## [Data excerpt]
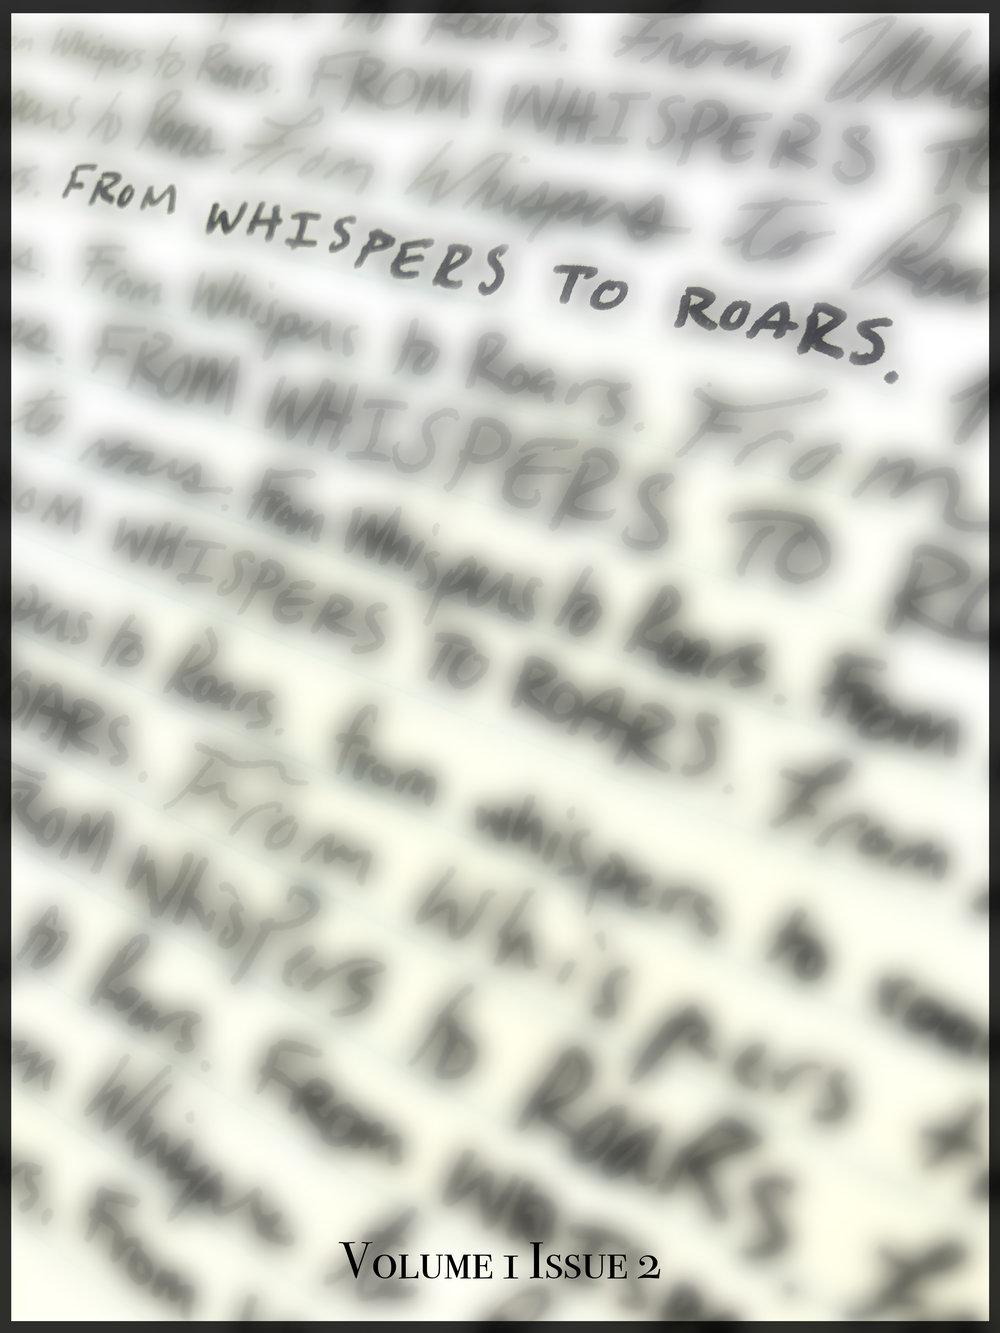 www.fromwhisperstoroars.com_FromWhisperstoRoars_Denver_Magazine_Litmag_Issue2Cover.jpg
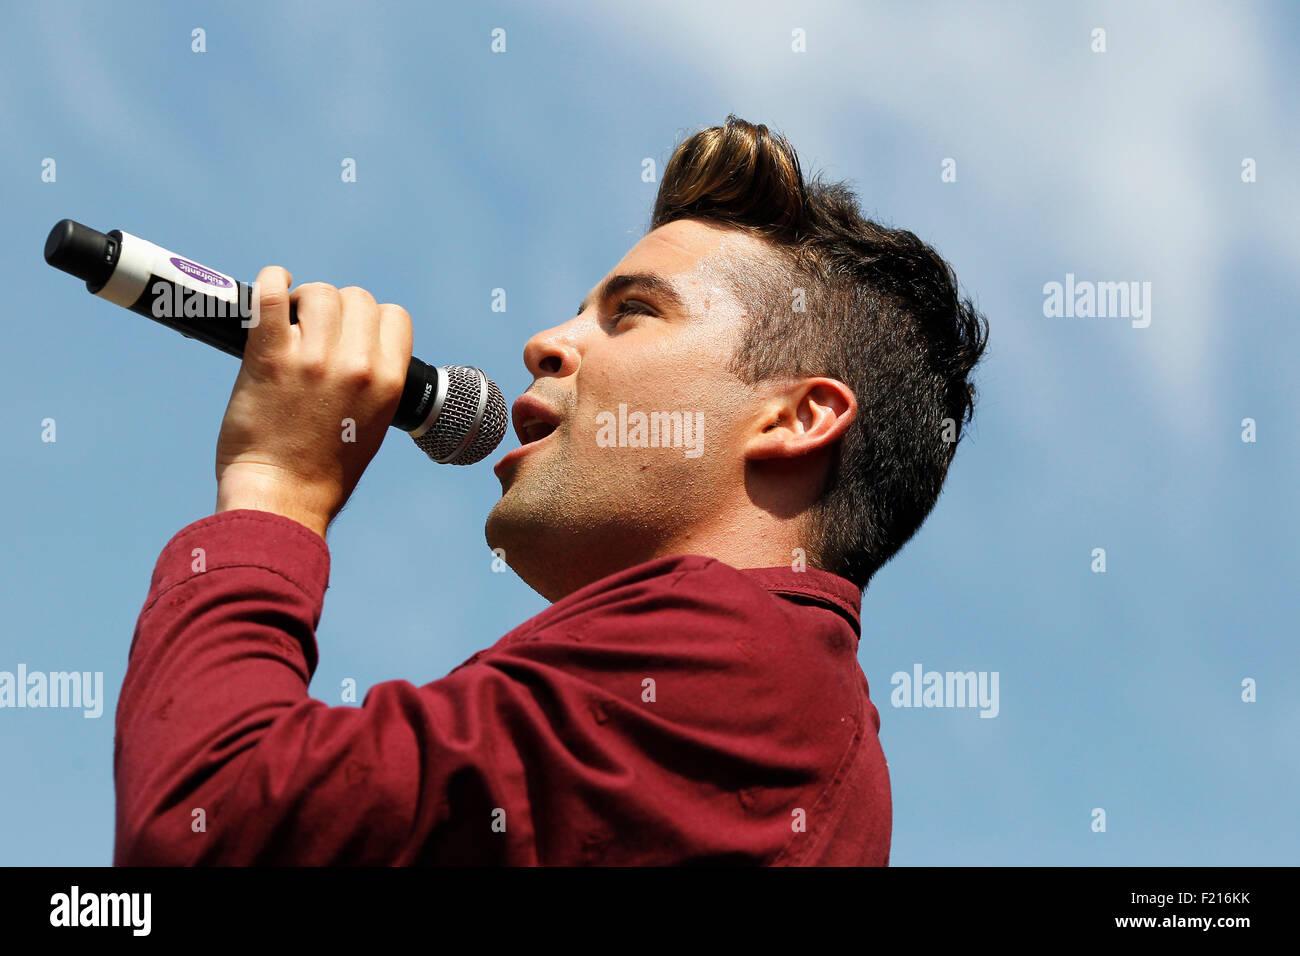 Entertainment, Music, Singer, Joe McElderry former X Factor winner. - Stock Image
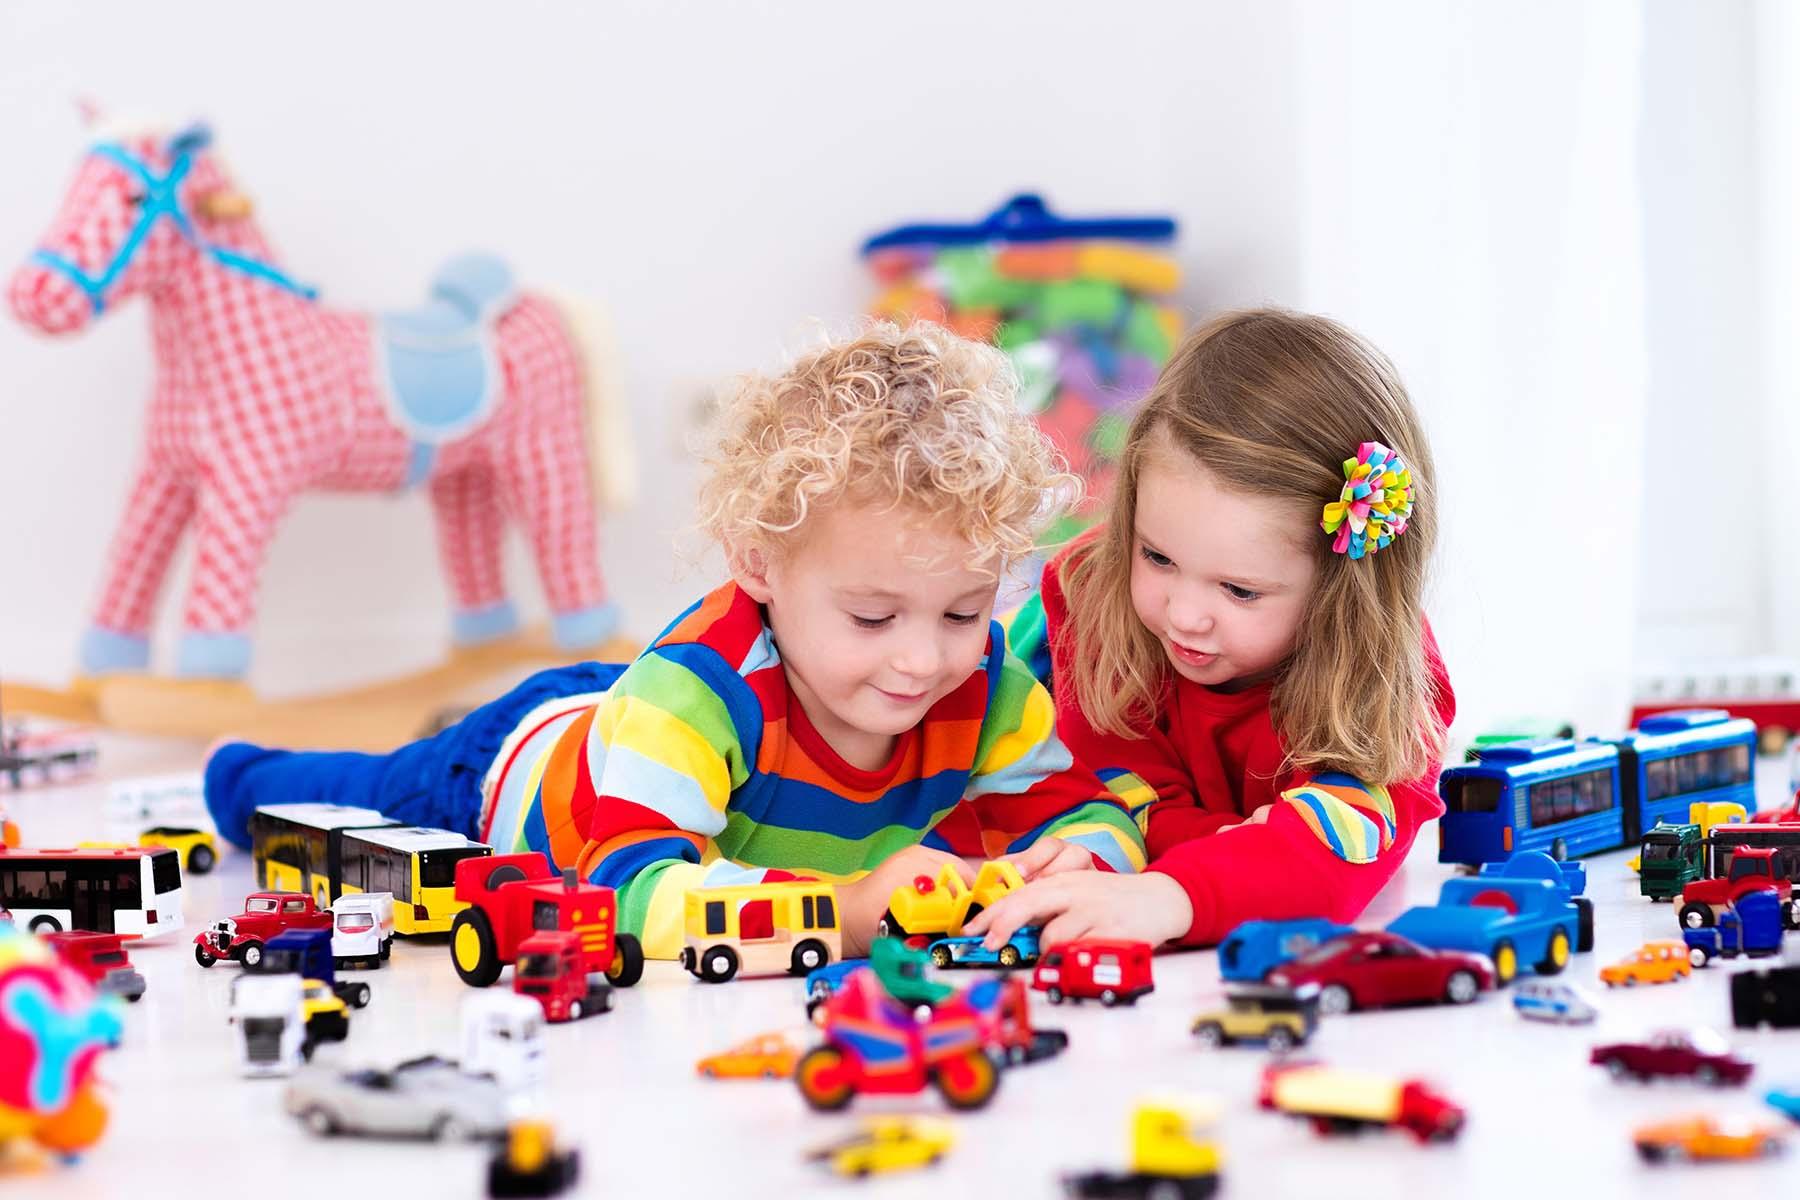 فواید اسباب بازی بر زندگی کودکان

## [Task brief]
Could you set down the material above word for word while dropping its pictures?

## [Exercise output]
 www.fromwhisperstoroars.com_FromWhisperstoRoars_Denver_Magazine_Litmag_Issue2Cover.jpg
 Entertainment, Music, Singer, Joe McElderry former X Factor winner. - Stock Image
 فواید اسباب بازی بر زندگی کودکان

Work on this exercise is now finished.